◆ **TASK**
Starting at the line containing "Laser-cut wooden map of Italy" and ending at the line containing "Going home with", print every line of the material below exactly, both ends included, and stop there.

◆ **SOURCE DATA**
- - -
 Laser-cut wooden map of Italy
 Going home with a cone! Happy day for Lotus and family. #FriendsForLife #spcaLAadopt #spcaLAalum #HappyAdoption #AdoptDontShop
- - -
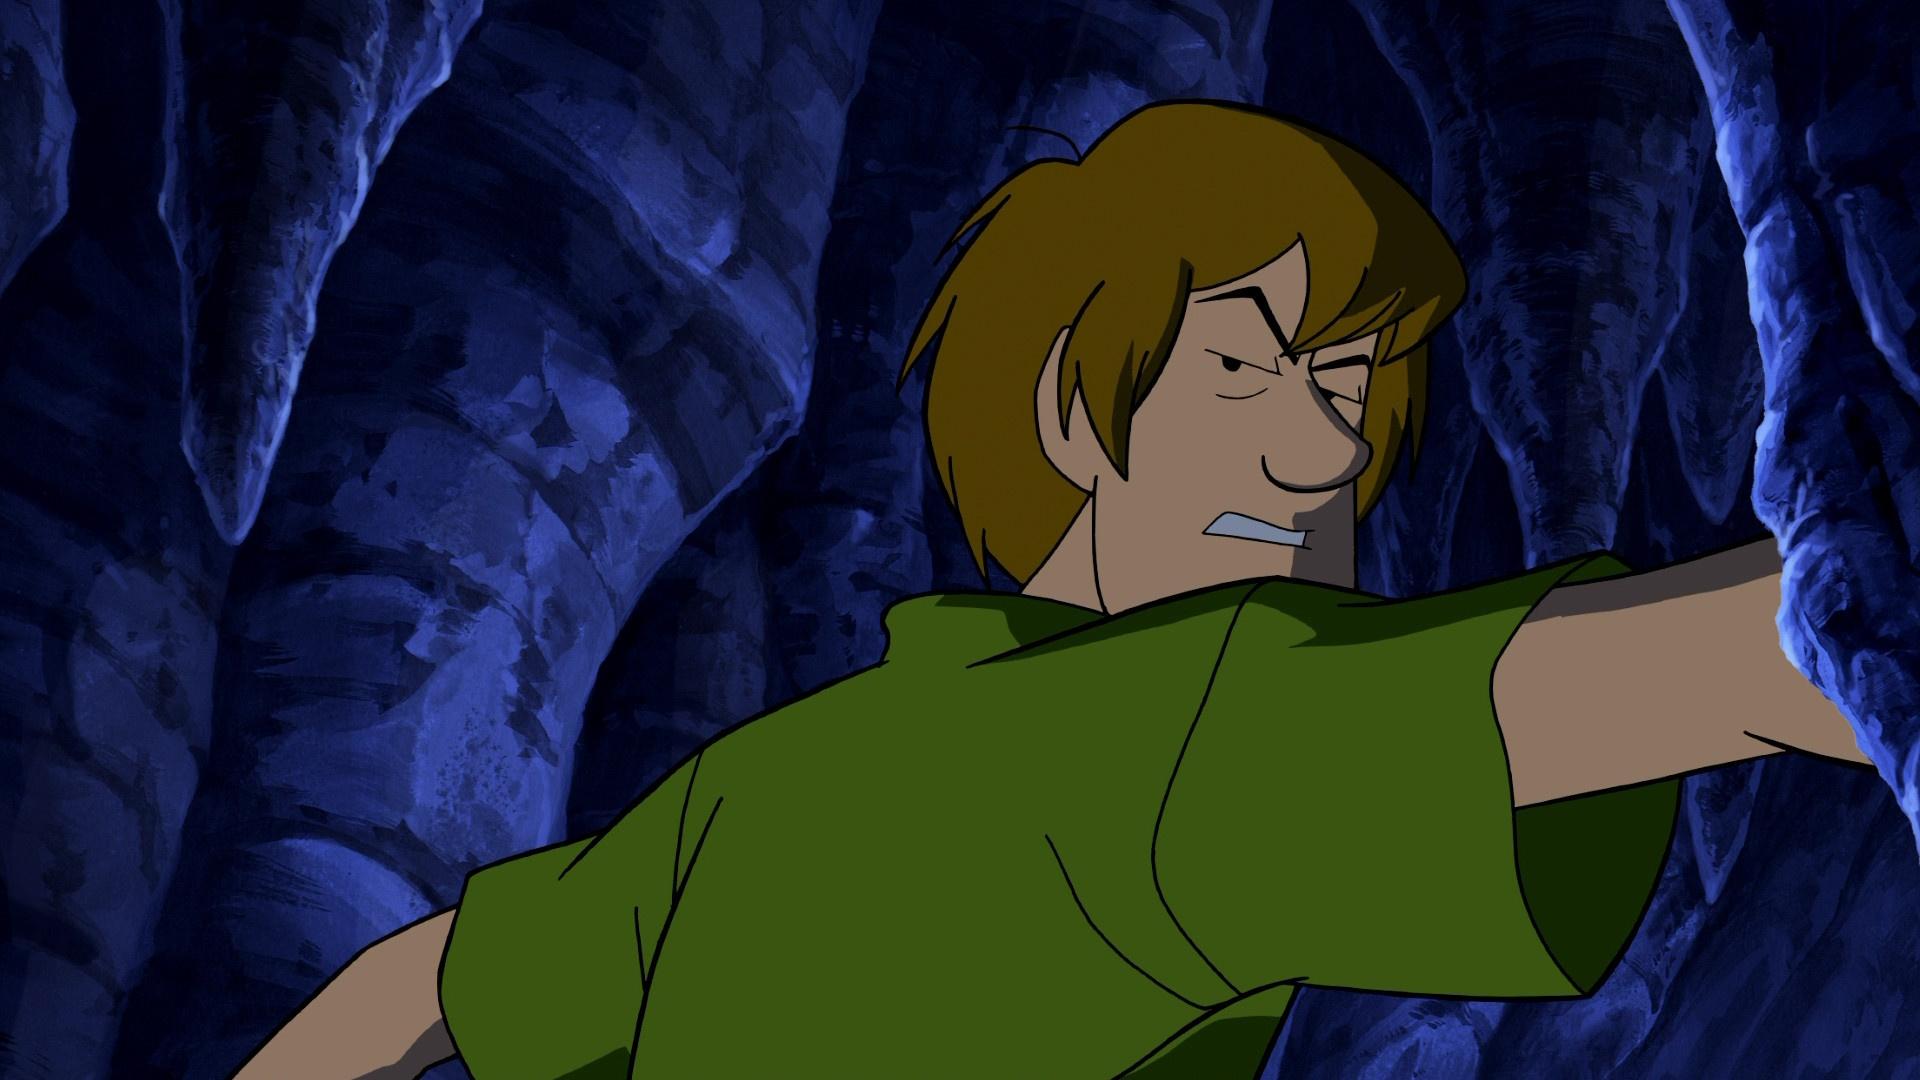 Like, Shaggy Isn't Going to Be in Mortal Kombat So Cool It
- - -
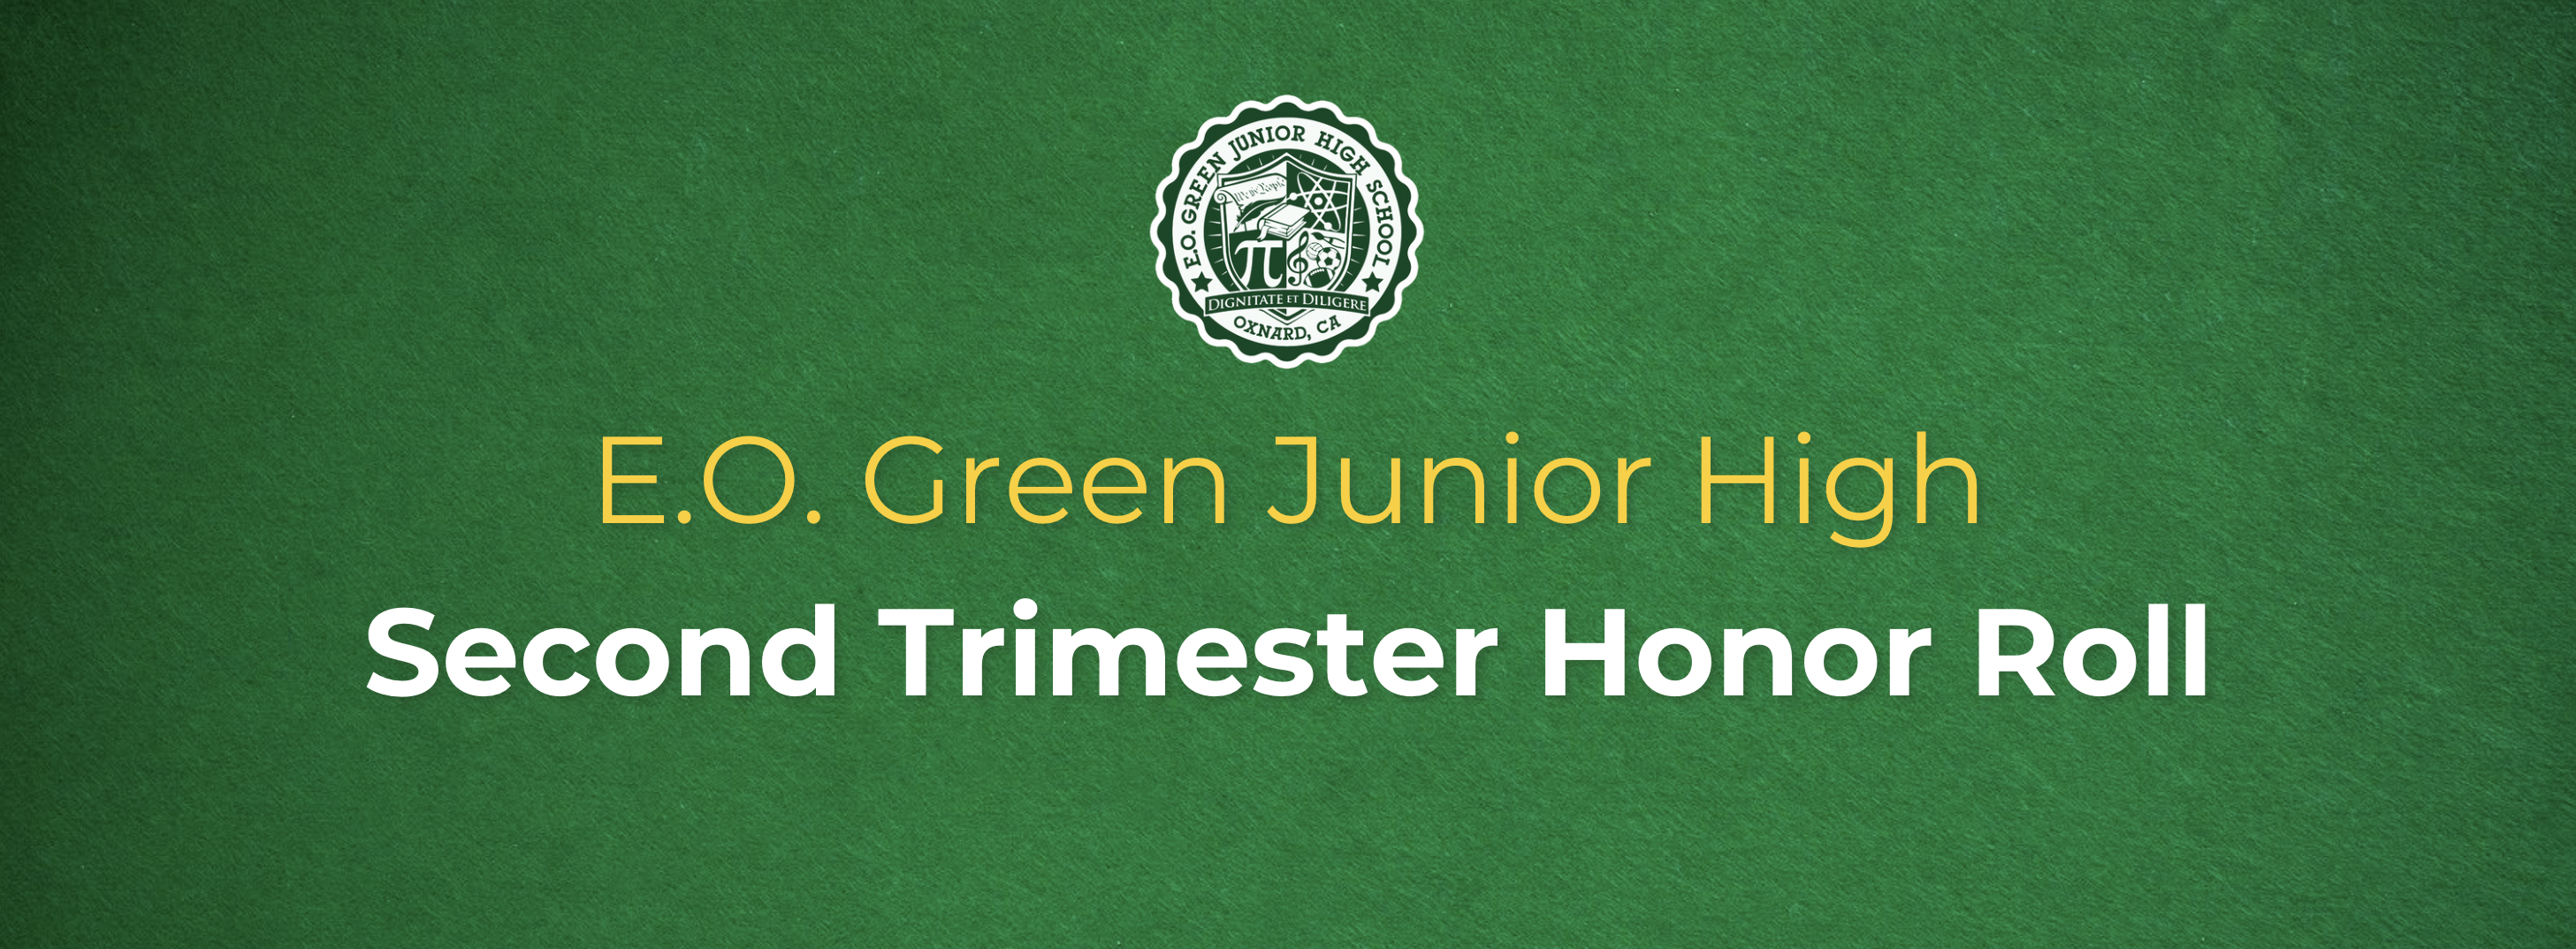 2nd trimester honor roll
- - -
◆ **EXERCISE RESULT**
 Laser-cut wooden map of Italy
 Going home with a cone! Happy day for Lotus and family. #FriendsForLife #spcaLAadopt #spcaLAalum #HappyAdoption #AdoptDontShop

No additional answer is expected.